**Dataset extract**
------------------------------
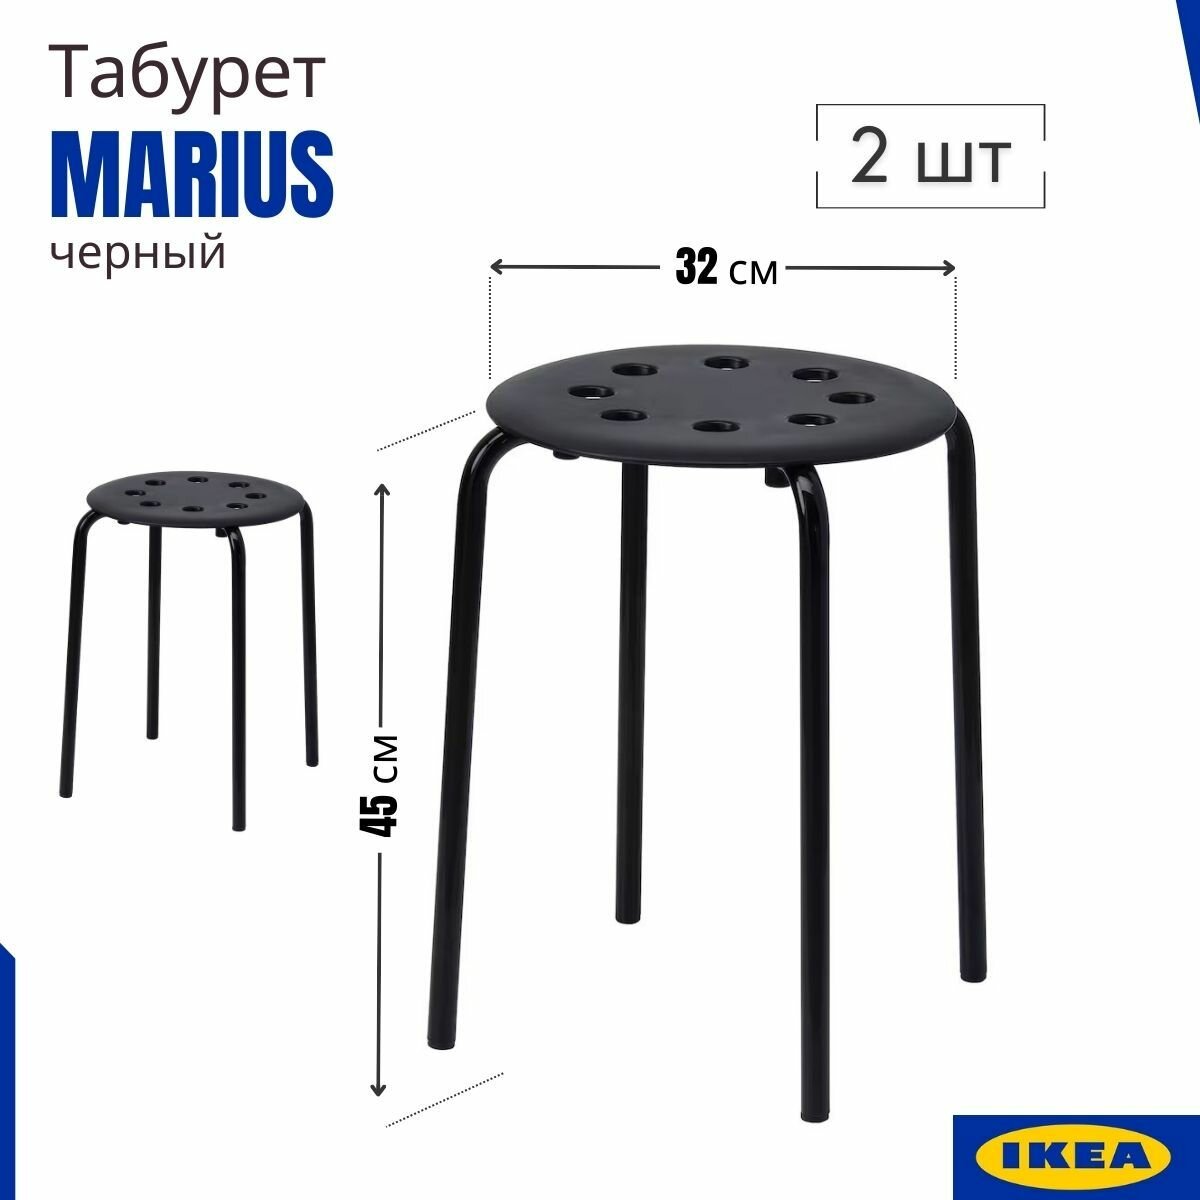 Табуретка икеа Мариус, для кухни, 2 шт, черный, табурет для кухни (Marius IKEA), 45 см
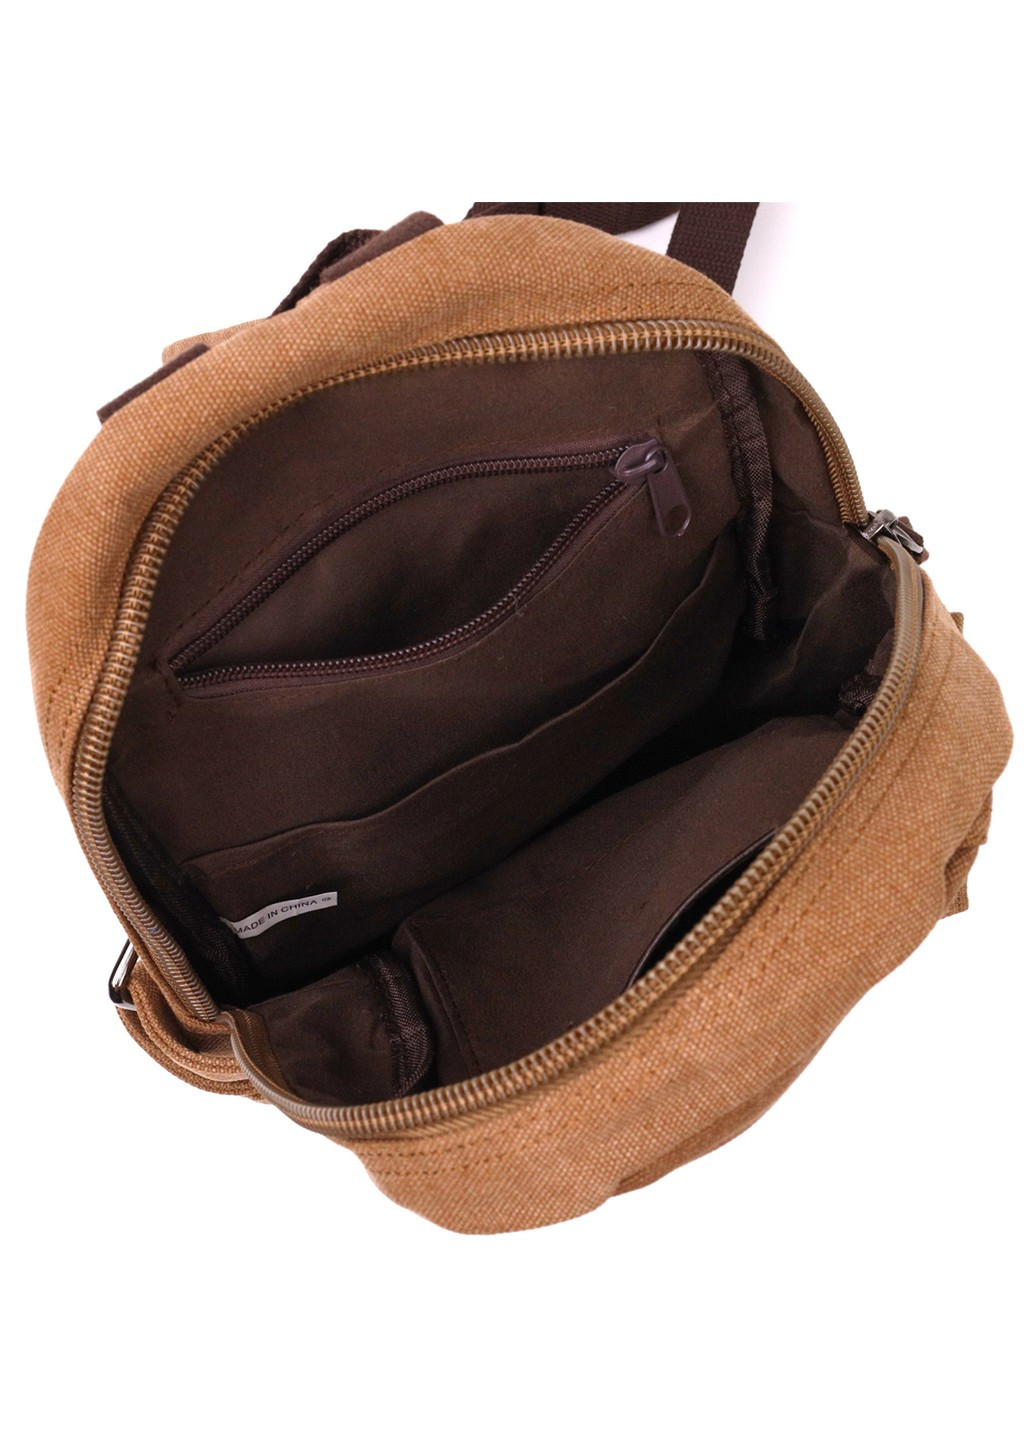 Місткий текстильний рюкзак у стилі мілітарі Vintagе 22180 Коричневий Vintage (267925308)
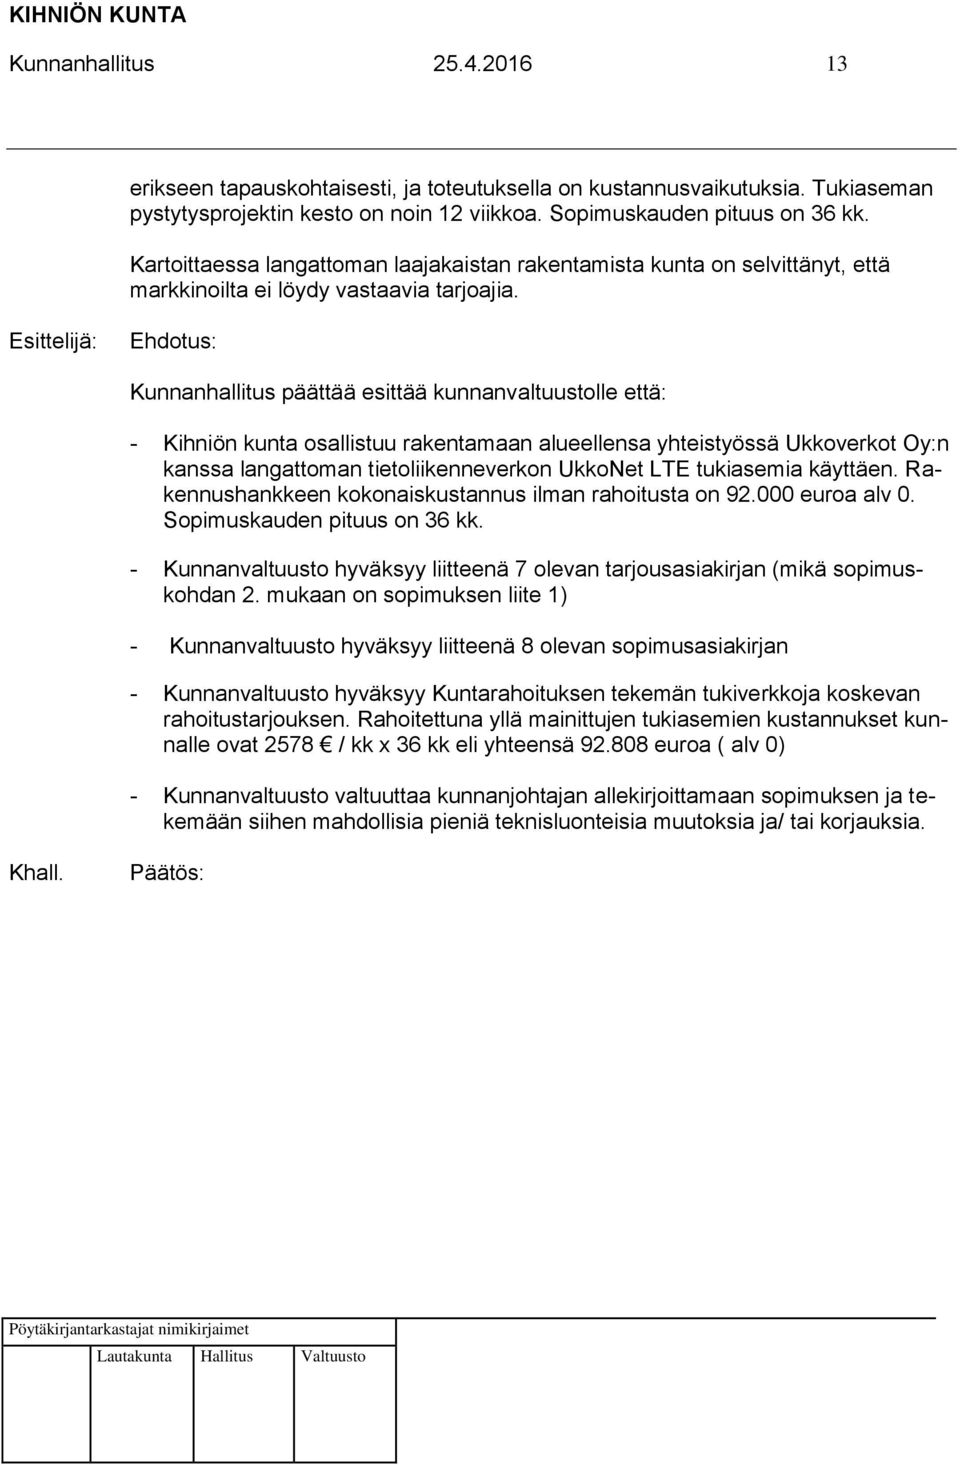 : Kunnanhallitus päättää esittää kunnanvaltuustolle että: - Kihniön kunta osallistuu rakentamaan alueellensa yhteistyössä Ukkoverkot Oy:n kanssa langattoman tietoliikenneverkon UkkoNet LTE tukiasemia
------------------------------
**Exercise**
Every line of the data is to be transcribed exactly, and no picture is to be included.

**Task output**
 Табуретка икеа Мариус, для кухни, 2 шт, черный, табурет для кухни (Marius IKEA), 45 см
 Місткий текстильний рюкзак у стилі мілітарі Vintagе 22180 Коричневий Vintage (267925308)
 : Kunnanhallitus päättää esittää kunnanvaltuustolle että: - Kihniön kunta osallistuu rakentamaan alueellensa yhteistyössä Ukkoverkot Oy:n kanssa langattoman tietoliikenneverkon UkkoNet LTE tukiasemia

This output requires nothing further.